Гессен, шатаясь, поднялся со стула и оперся о стол. Несколько мгновений он молча переводил взгляд с Арвельда на Паломника.
– Что творится? – тихо спросил он.
– Я не знаю, – ответил Сгарди.
Гессен обошел стол и встал рядом. С трудом, опираясь о ручки, встал со своего места Флойбек.
Паломник не двигался. Раскрытые глаза его смотрели в потолок. Правая рука с мерцающим перстнем плетью, безвольно свешивалась вниз, а левая, на столе, была сжата мертвой хваткой.
– Что у него в руке? – шипящим голосом спросил Гессен. – Что он взял?
Сгарди молча глянул на него, и тот все понял.
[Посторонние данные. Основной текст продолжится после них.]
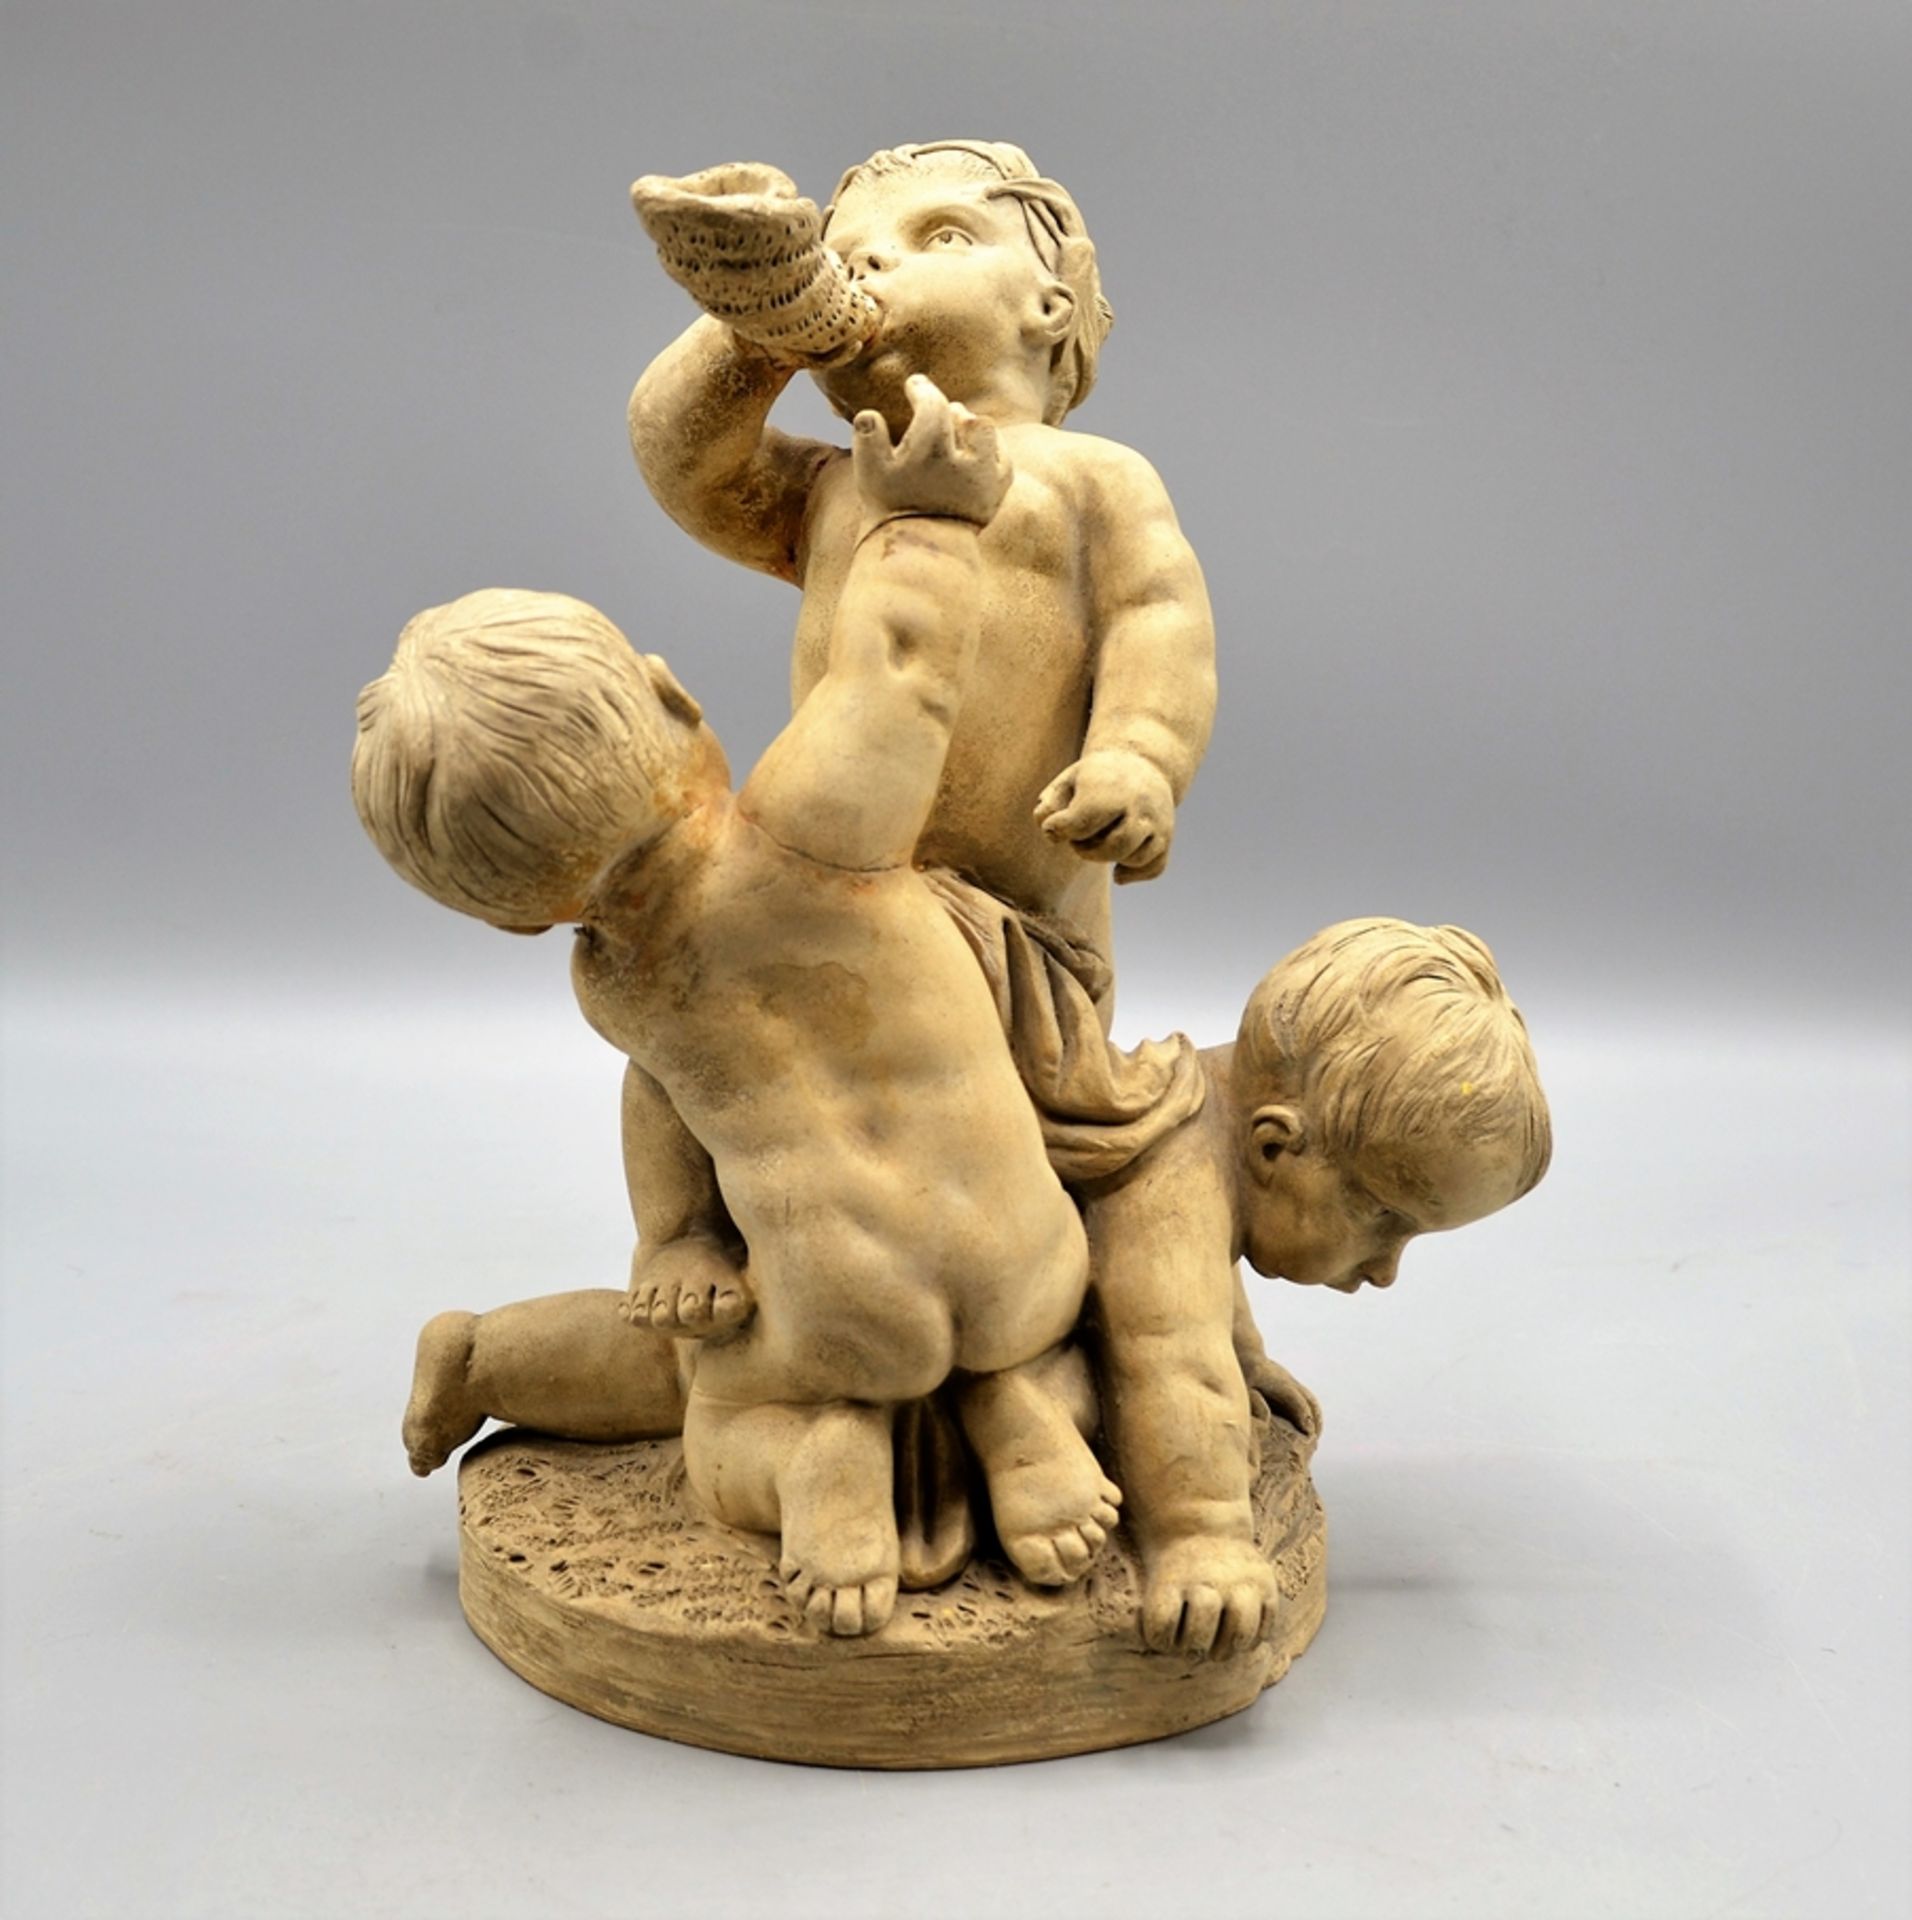 Dekorative Putti Gruppe Keramik um 1900, insg. 3 Putti, 1 Finger fehlt, 3 geklebte Bruchstellen, ca

– А почему… почему в левой руке? Он что, левша?
– Да.
– А перстень на правой остался? – Гессен посмотрел на Сгарди страшными глазами. – Он ведь туда безо всякой защиты пошел, один, ясно?
Арвельд вздрогнул и, схватив левую руку, принялся с силой разгибать скрюченные пальцы. Первое, что он увидел, разжав одеревеневшую ладонь, была ярко-зеленая змейка, которая билась в изумрудных сполохах. Сгарди схватил тяжелое неподвижное правое запястье и соединил ладони, крепко сжав в своих. Камень полыхнул белым огнем, и Арвельд почувствовал, как по телу Паломника прошла судорога. Флойбек положил руки ему на плечи.
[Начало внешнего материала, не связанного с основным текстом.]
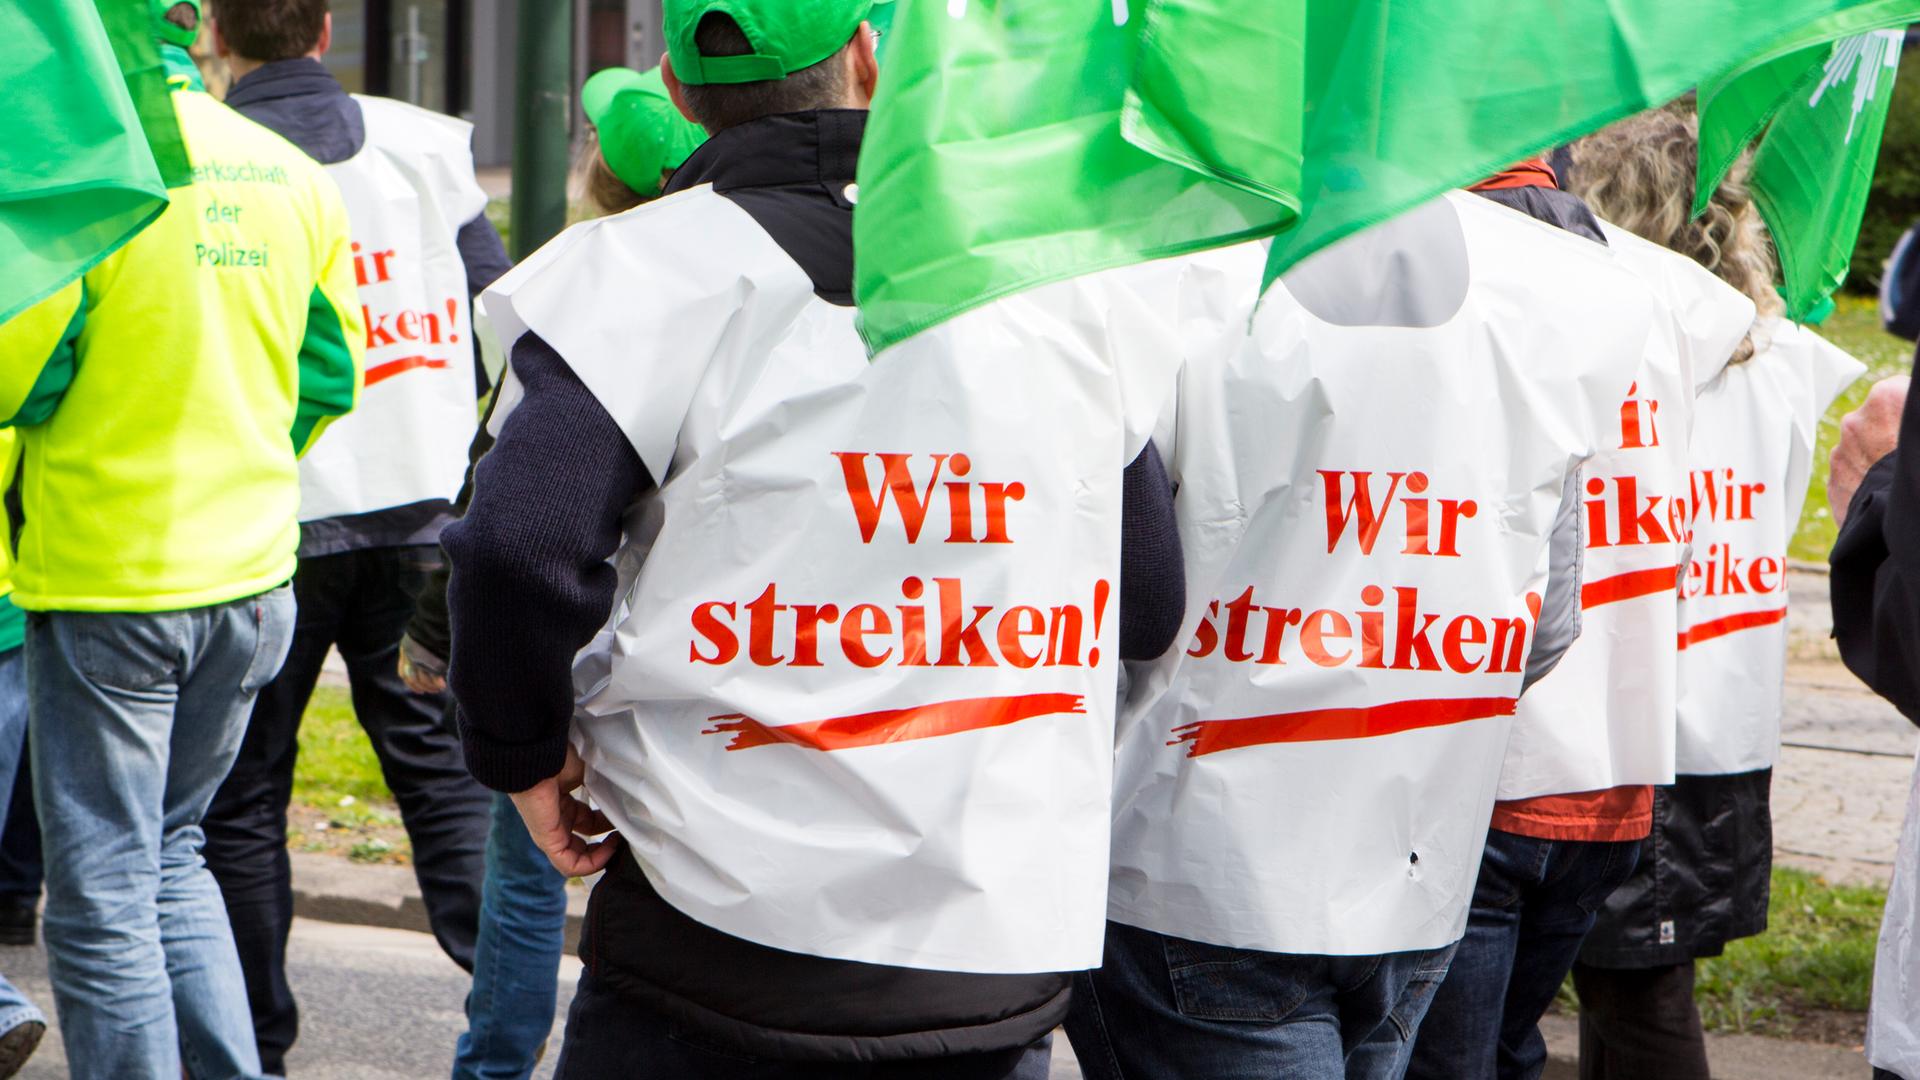 Personen mit Westen auf denen "Wir streiken" steht demonstrieren für Lohnerhöhungen.

Далеко в белесой морской хмари снова полыхнула синяя зарница, особенно яркая, словно какой-то знак. Глаза Амальфеи вспыхнули, на миг осветив лицо жутким зеленоватым отсветом, и он, рывком поднявшись, кинулся на Паломника, повалил на камни и сжал его шею иссохшими, но твердыми, будто каменными, пальцами.
Паломник отбросил демона, но тот с воем схватил его запястье и потащил к обрыву, за которым бесновалось призрачное море. Они повисли на разбитых плитах, на самом краю. От туманной бездны несло холодом, заволакивало глаза и мысли. Сознание гасло, только светились и горели в сумерках два зеленых огня…
Но тут белесый туман, бродивший вокруг, разорвало, разметало в клочья. Над площадью повис искрящийся полусвет. Стоны и шепоты вздохнули разом в одном порыве и оборвались. Замерло эхо мертвого города.
Паломник, еще не понимая, что творится, сел на колени, озираясь. Свет вокруг разливался и становился все ярче. Амальфея, пытаясь защититься от него скрюченными руками, полз прочь, дряхлел и словно засыхал на глазах. Клочья тумана, словно руки, цеплялись за Паломника, но, касаясь его, тут же съеживались и таяли. Сам он поднялся с холодных камней площади, чувствуя, как колотится сердце.
Волны опадали. Густая хмарь, бродившая в бездне, начала светлеть. В мутной дали, одна за другой, оседали башни, которые за тысячи лет не могло подточить море. С глухим стуком упали на плиты обломки статуи, державшей кувшин, сами плиты крошились на глазах. На краю обрыва лежал серый плащ, под которым была пустота. А через минуту уже и он казался только сгустком тумана.